Thursday, April 21, 2011

Farewell to the Woods

This afternoon I had to run a few errands in the neighborhood where I grew up. It's only about 4-5 miles from where I currently live, but the area still feels worlds away to me. There's such a jumble of mixed feelings - I suppose the tangle echos my sentiments about my childhood in general.

Anyhow, today I was picking up some stuff from a fellow FreeCycler, so it took me a bit off the beaten path into a corner of the neighborhood I hadn't visited in many, many years. I turned down a once familiar street where I delivered newspapers every morning for most of my adolescence, and a flutter of excitement grew in my belly as I approached "the woods".

In truth, "woods" is a bit of a generous term for the area. Really it was just a plot of undeveloped land surrounded by a 6 foot fence and covered with thick brush and giant old cottonwood trees. The fence did little to keep us kids out however, as we all knew the places where the chain link had come loose, and in a pinch climbing a 6 footer was no big deal.
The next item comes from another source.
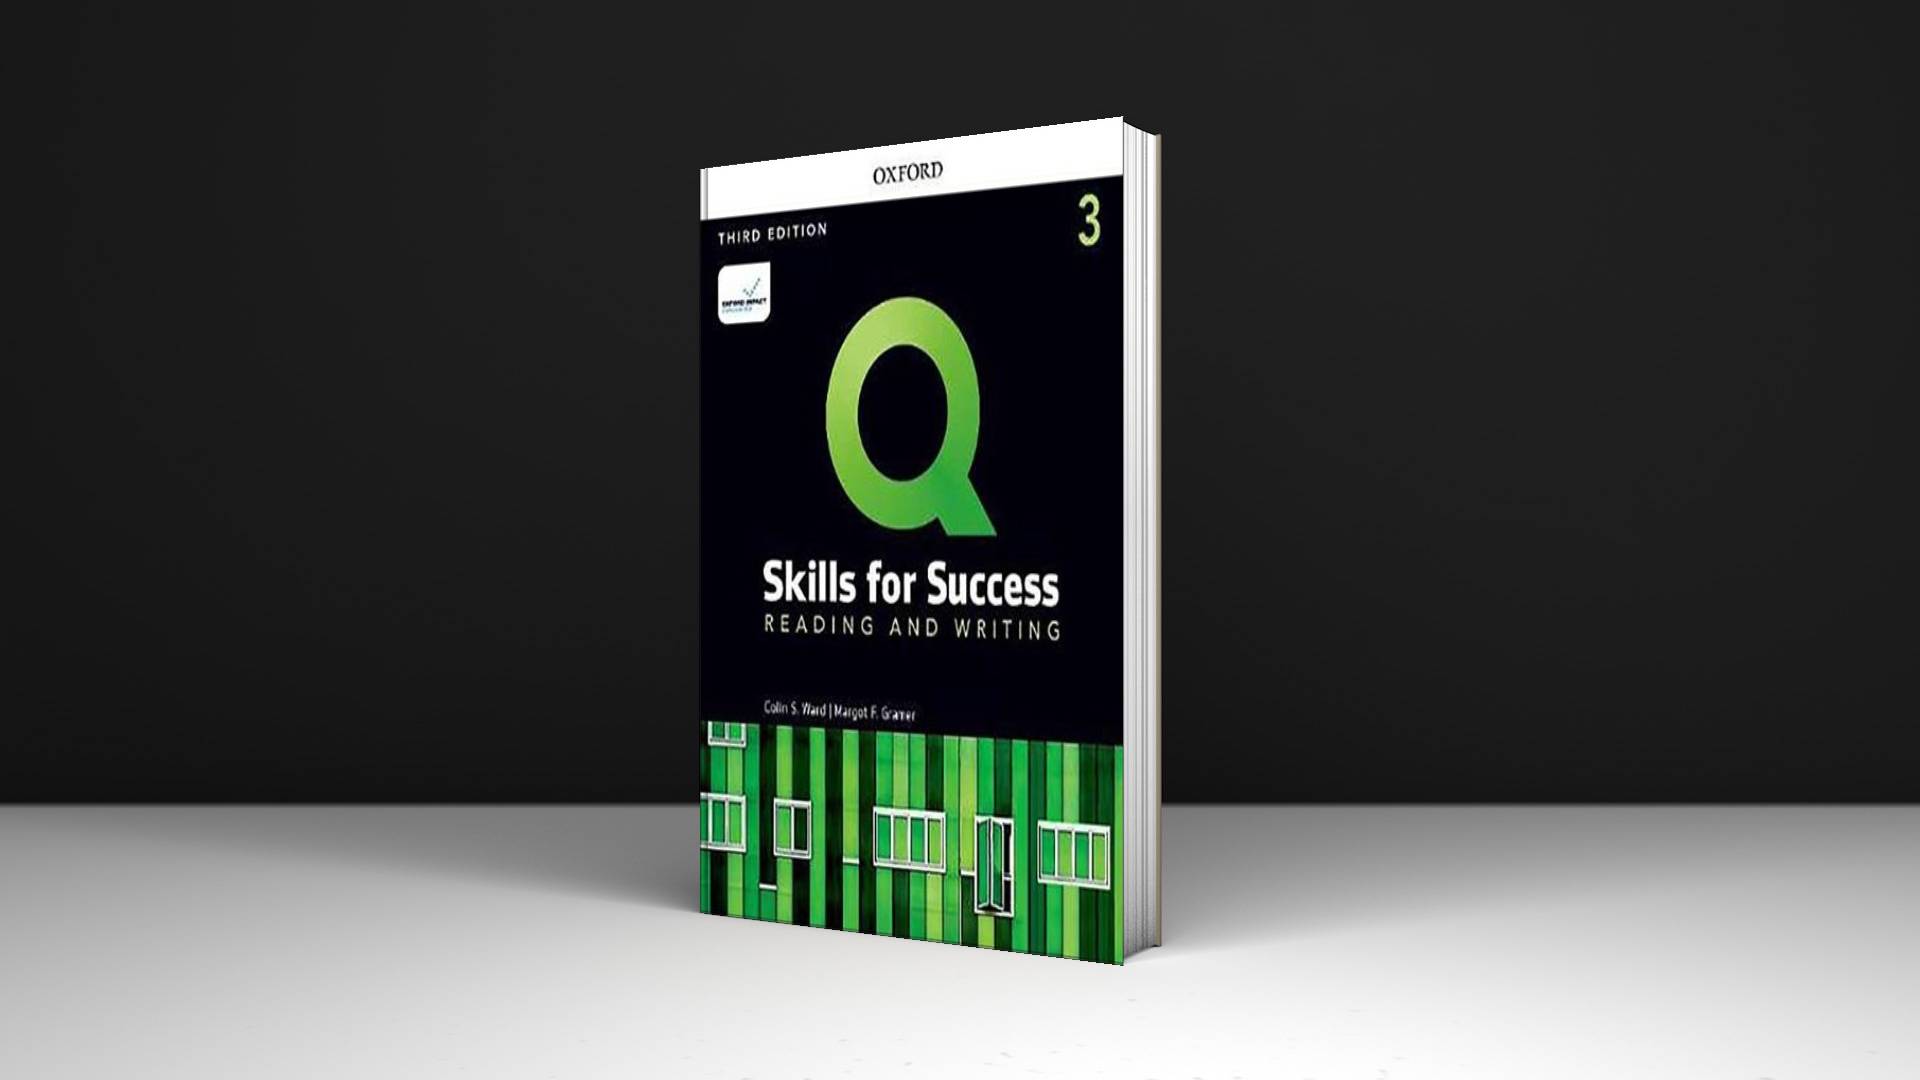 خرید کتاب زبان | فروشگاه اینترنتی کتاب زبان | Q Skills For Success Reading And Writing 3 Third Edition | کیو اسکیلز فور ساکسس ریدینگ اند رایتینگ سه ویرایش سوم

Many an hour of my childhood was frittered away in those woods, daring each other to climb ever higher in the old cottonwoods, playing hide and seek amongst the underbrush, and even sneaking out after dark to tell ghost stories by the light of the moon.

So it filled me with a great sadness to see that this is what has become of my treasured woods:


I suppose it was inevitable, and when I looked it up online it turns out that this lovely batch of ticky tacky has been there for nearly 20 years.

Still, it makes me sad. The woods were always such a refuge for me. All I had to do was slip through the hole in the fence and I entered another world - a world full of imagination, and adventure and wonder, where none of the ridiculousness of the modern world could enter, or even seemed to matter at all. I wonder if the inhabitants of these "living units" have any inkling of the bold exploits that their sterile little cul-de-sac once witnessed.

Perhaps I'll turn out the lights tonight, light a candle and tell myself a few ghost stories in the dark, just for old time's sake.

I'm on the first step... I want my liver back... I'm on the second step... I want my liver back...

2 comments :

  1. A similar thing happened in my hometown. Essentially, they built housing right up to the edge of national forest areas. What was once a lovely drive to my favorite hiking trails has become suburban sprawl. :( Sad, isn't it?

    ReplyDelete
  2. The world doth change faster than we. Treasure the memories.